Tue Sep 20 14:25:11 CDT 2022

Hi all,

The choices Ralph outlines fit with how cancellation of point-to-point messages work in MPI. There’s a moment in time (implementation specific and invisible to the user) when it becomes too late to cancel the message operation. MPI mandates that either the cancellation succeeds or the message operation succeeds but not both and not neither. As long as exactly one of the two processes A and B gets PMIX_SUCCESS and the other gets an error, then it’ll work fine.

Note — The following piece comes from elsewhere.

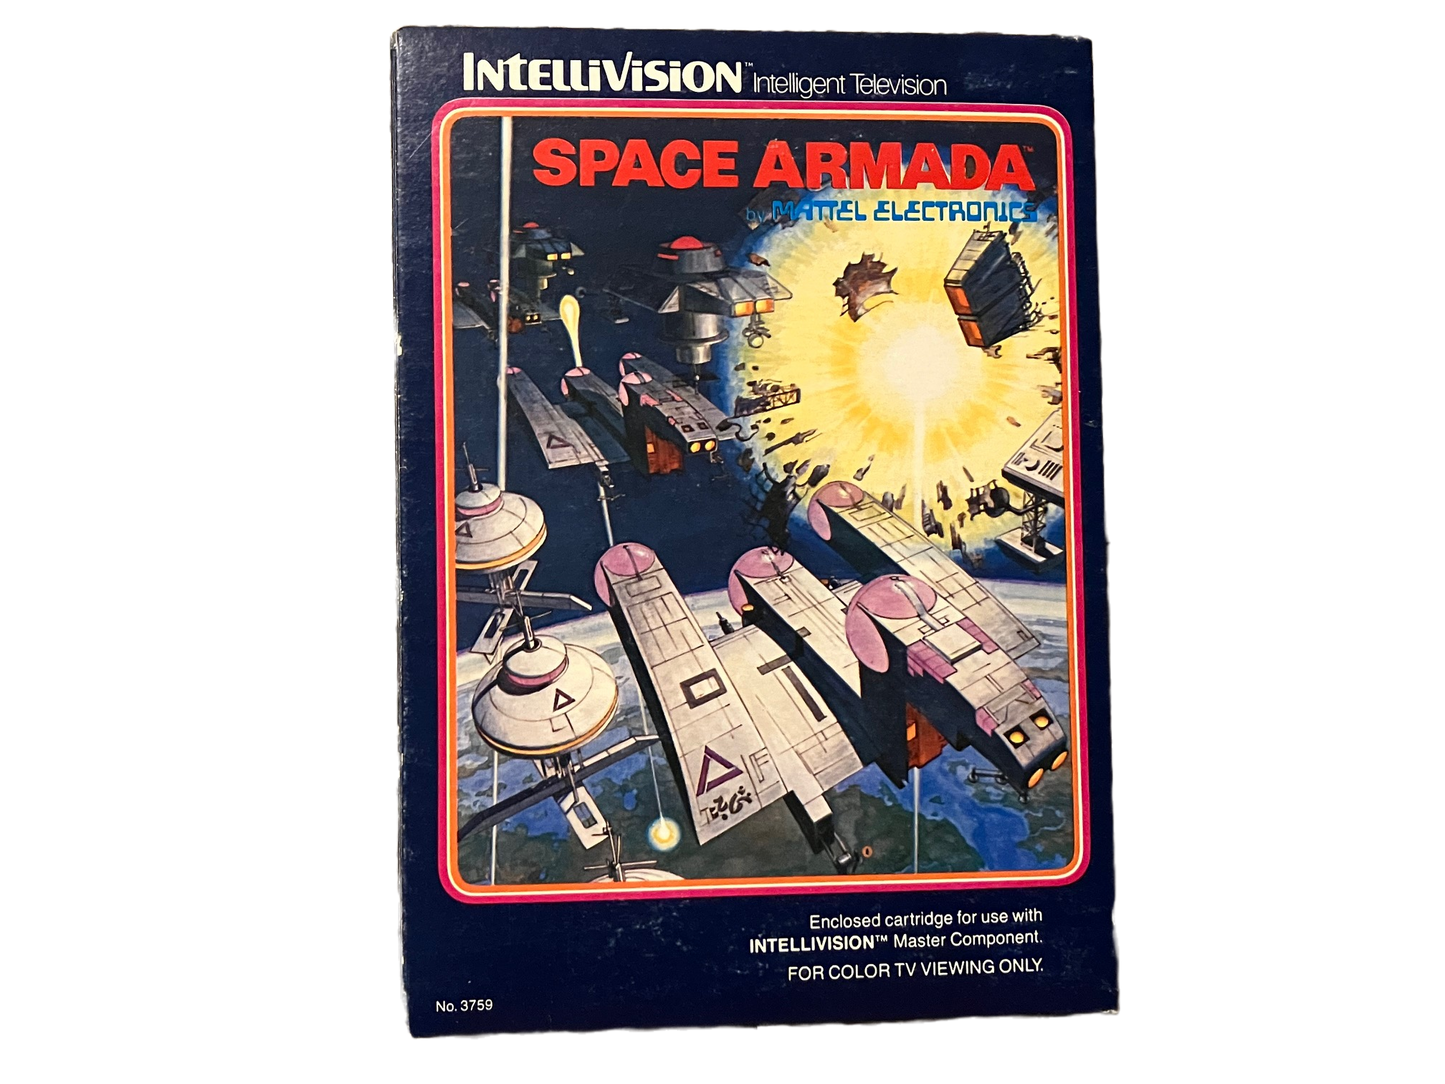 Space Armada Intellivision Video Game
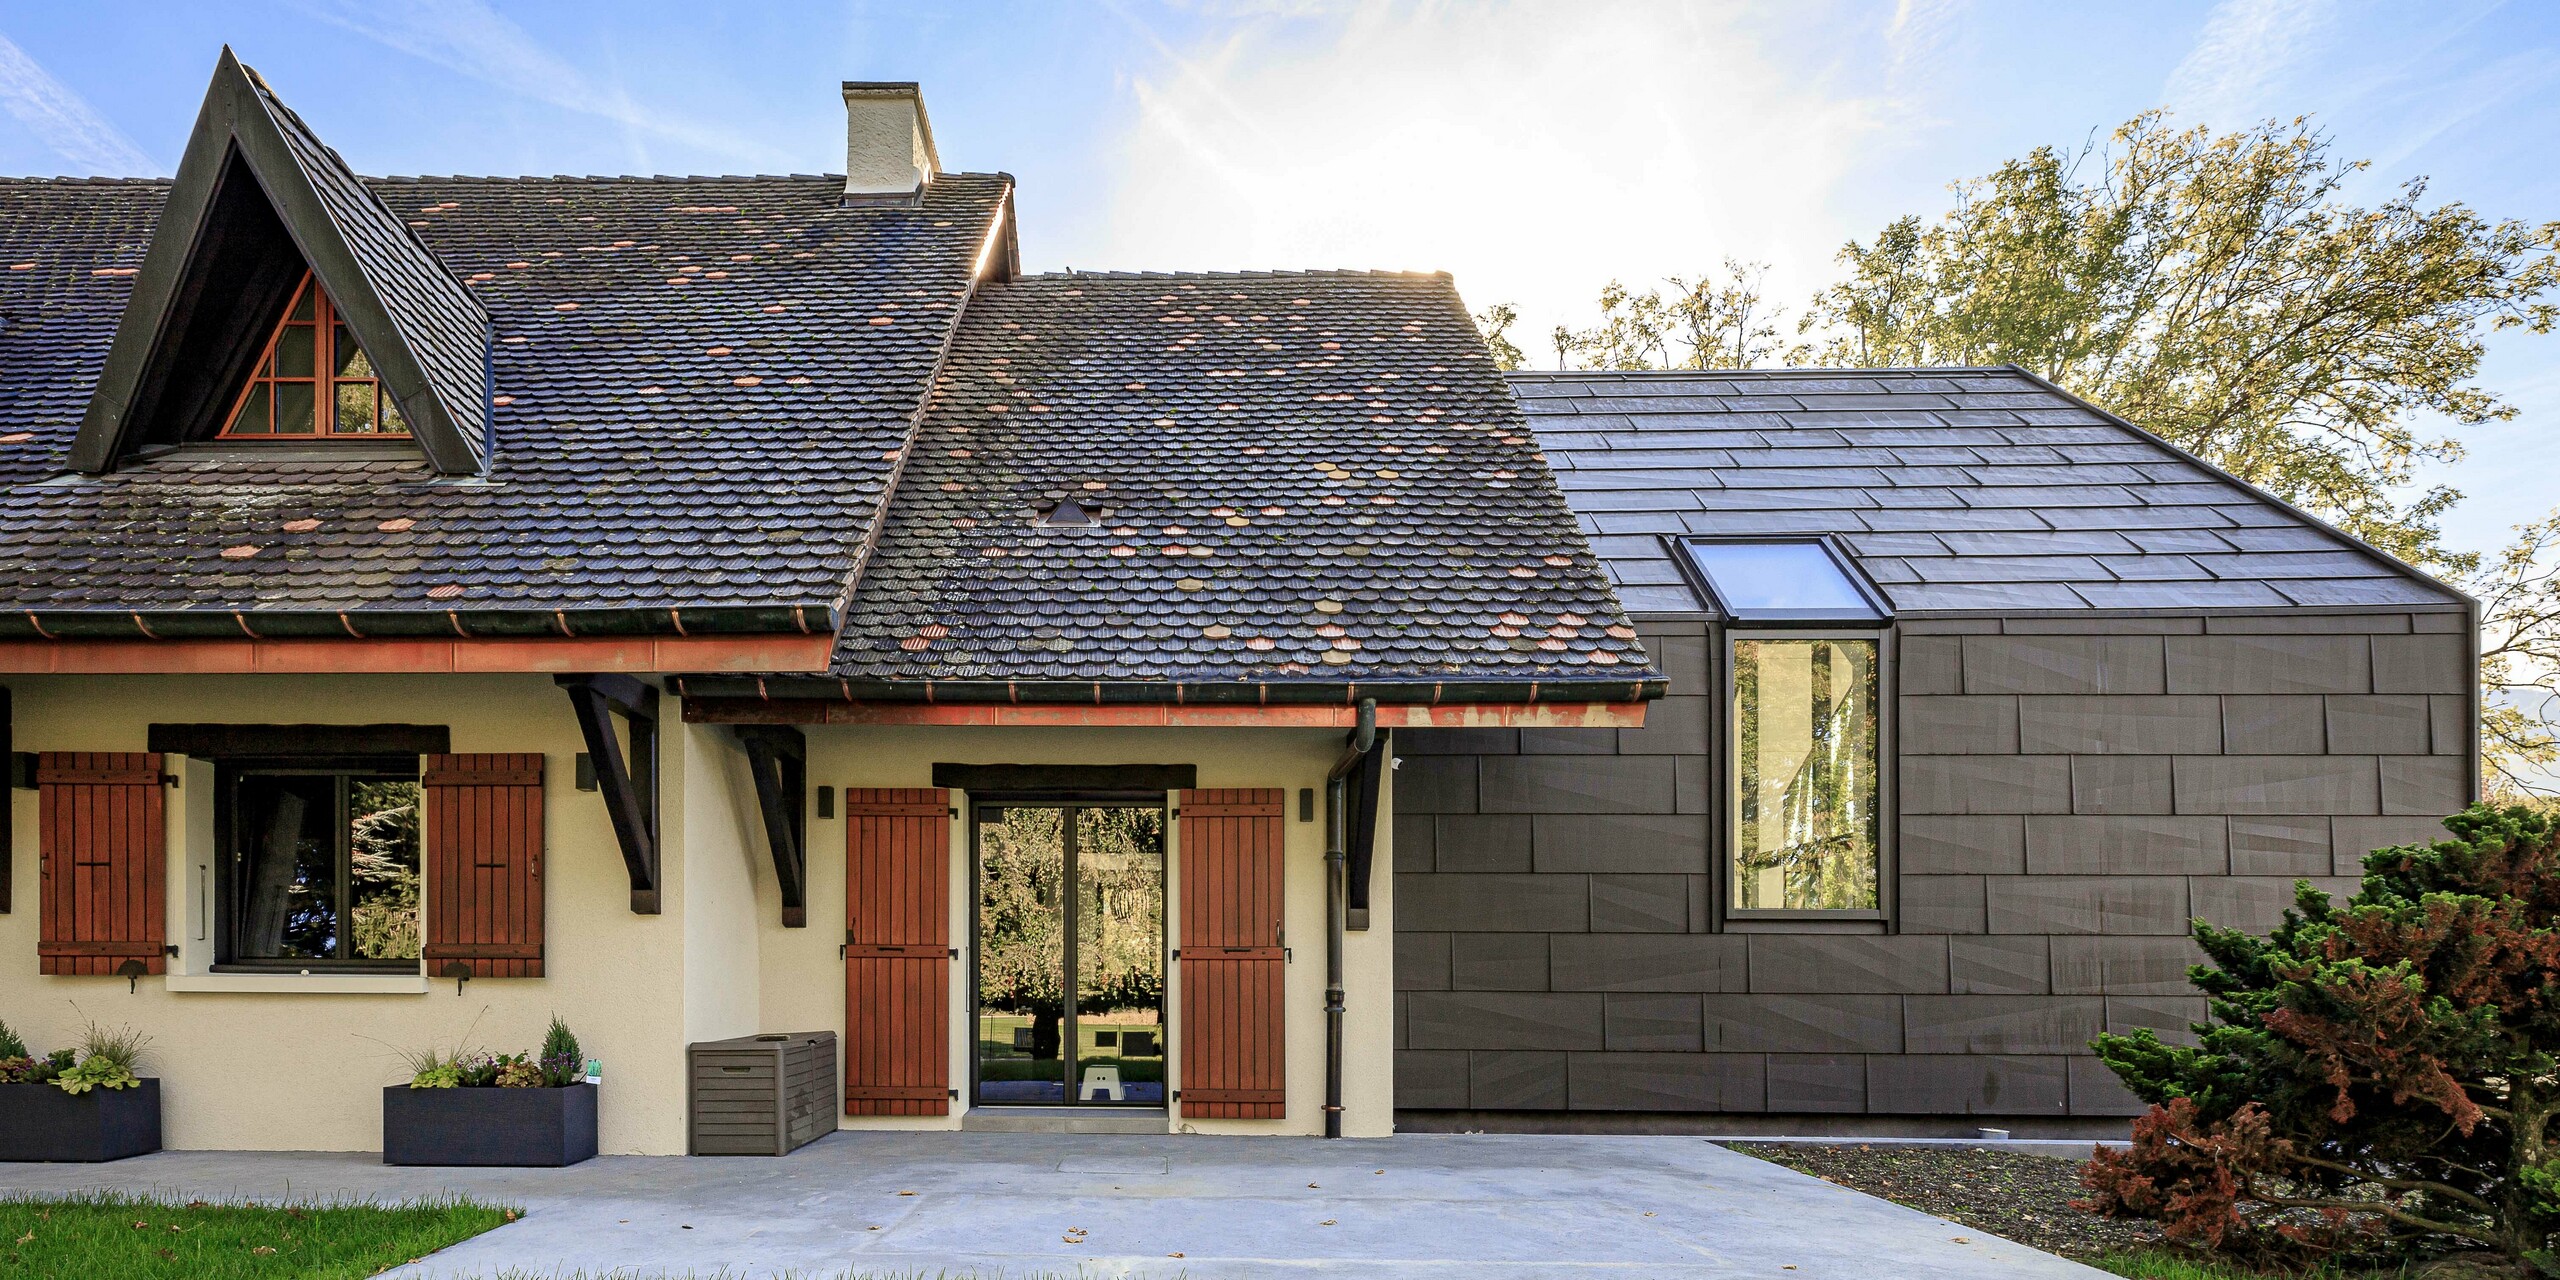 PREFA Dach- und Fassadenpaneele FX.12 in P.10 Braun als kontrastreiches Designelement auf dem Zubau eines Einfamilienhauses in Lully

MPI has deprecated cancellation of send operations because it was too hard to implement given the existence of eager send protocols and the completion semantics of MPI, which is always “I’ve done my part”. Both the allocation request and the cancellation request require remote action and rely on a remote state change so they look more like receiving in MPI than sending. So there should be no implementation concerns.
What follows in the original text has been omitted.